17-25 Aralık yolsuzluk ve rüşvet soruşturması sırasında Mali Şube Müdürlüğü görevinde bulunan ve 4 Eylül 2014 tarihinde “darbe” suçlamasıyla tutuklanan eski Mali Şube Müdürü Yakub Saygılı tutuklu bulunduğu Silivri Cezaevi'nden gönderdiği mektupta, "Özgürlük benim için; hırsıza hırsız, ahlaksıza ahlaksız, yolsuza yolsuz diyebilme, bunları yazabilme ve imzalayabilmekten bahsediyorum" ifadelerini kullandı.
Saygılı, mektubunda İmralı'da kalan Abdullah Öcalan'la ilgili şunları kaydetti: “Televizyonda “Apo”nun İmralı’daki çalışma masasını ve sandalyesini gördüm. Çok hoşuma gitti. Bizimkiler plastik. Onlardan talep etmeyi düşünüyorum idareden. Bu işin sonu sekreteryaya kadar gider. Bir de duyduk ki ev hapsi falan..Öyle olursa “darbeciler” olarak İmralı’ya transferi talep etmeyi düşünüyoruz.”
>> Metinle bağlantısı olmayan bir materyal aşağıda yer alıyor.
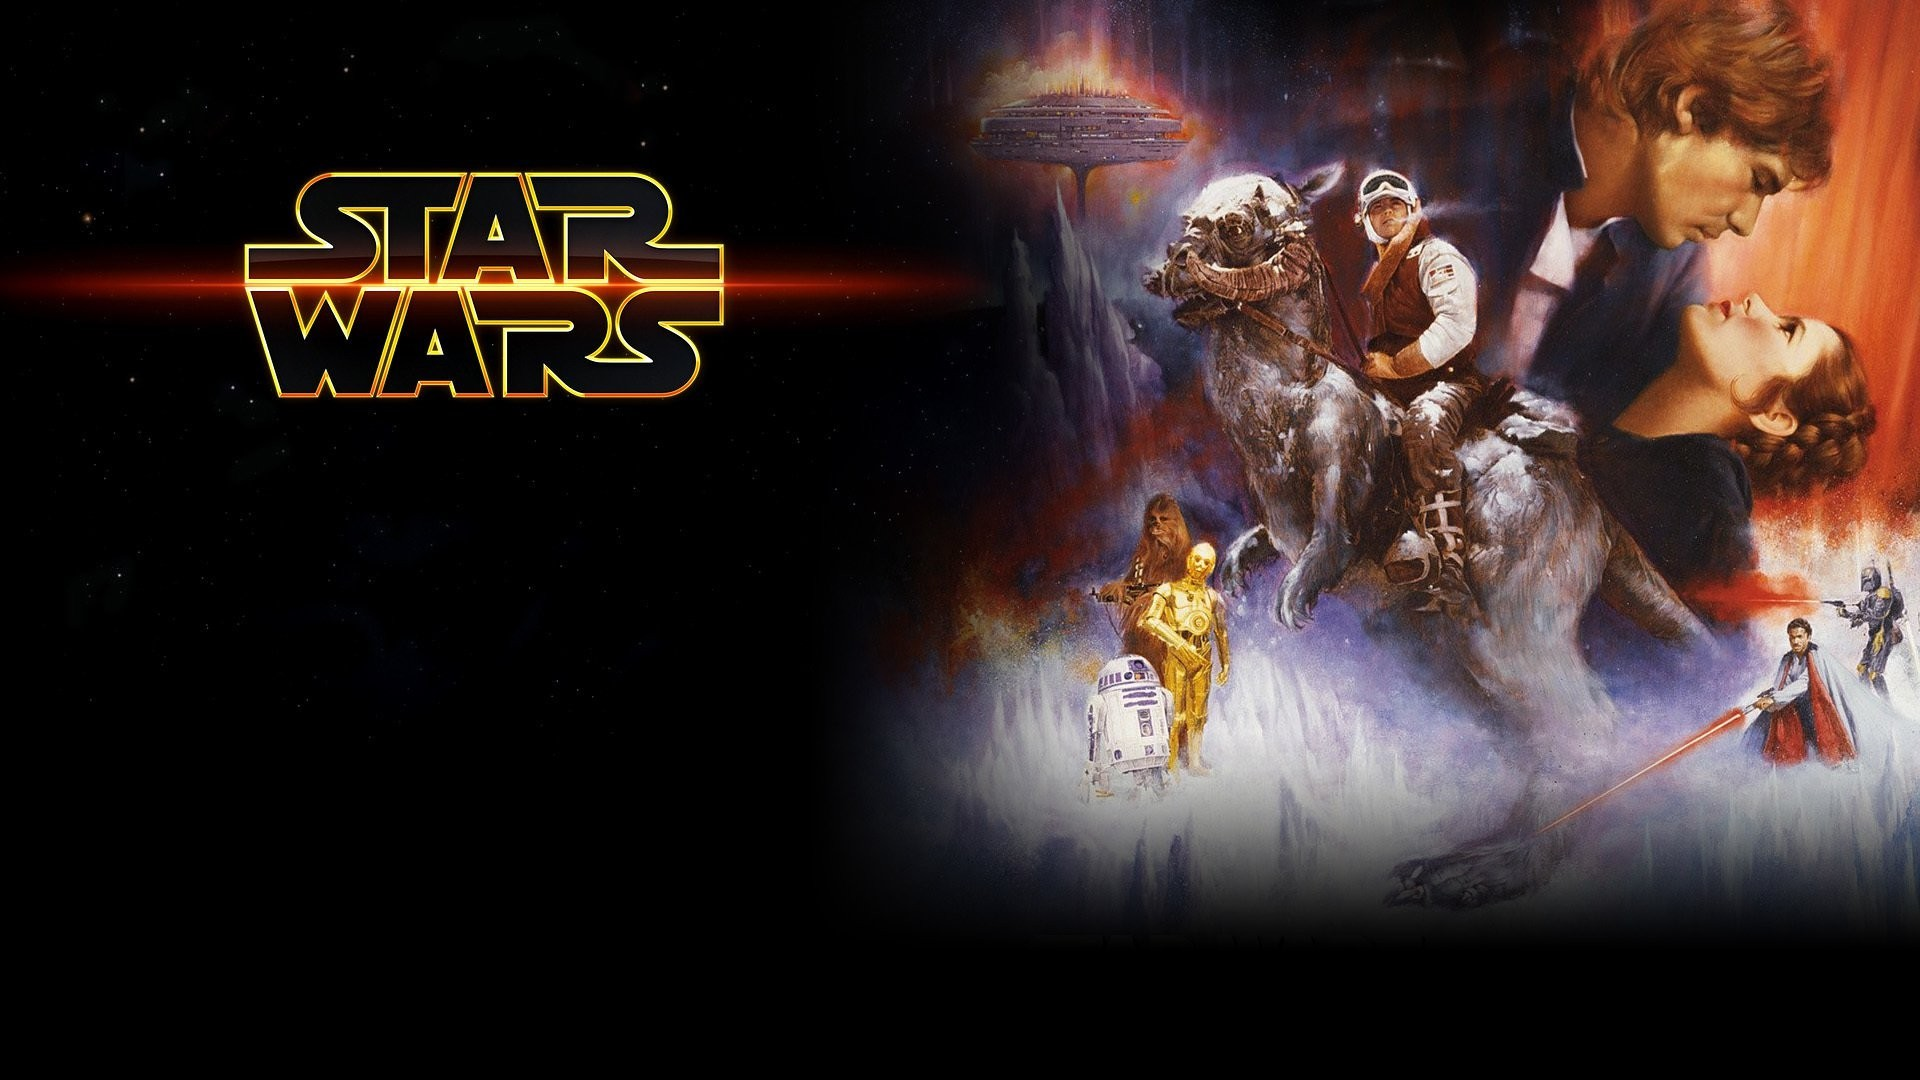 Star New 1920 Order Hd Wars 1080 X Wallpapers

'Özgürlük doğru bildiğin yolda sesini yükseltmektir'
Saygılı’nın mektubunda “özgürlük” vurgusu da şu şekilde yer aldı: “Özgürlük. O kadar değerli ki benim için anlatamam. Ama özgürlük deyince Boğaz’da dolaşabilmeyi, Pierre Lotti tepesinden güneşin doğuşunu izlemeyi kastetmiyorum. Kiralık kalem ve kiralık beyinleri ile önüne konanı okuyan, imzalayan, karşılığında aldığı paralarla Pierre Lotti manzaralı villa alan satılık uşaklara inat minnetsizce yaşamaktan bahsediyorum. Hırsıza hırsız, ahlaksıza ahlaksız, yolsuza yolsuz diyebilme, bunları yazabilme ve imzalayabilmekten bahsediyorum. Yani doğru bildiğin yolda sesini yükseltme ve yeni nesile miras bırakmaktan bahsediyorum. Bedeli bizi tutsak yapmaz. Söylememek yapar.”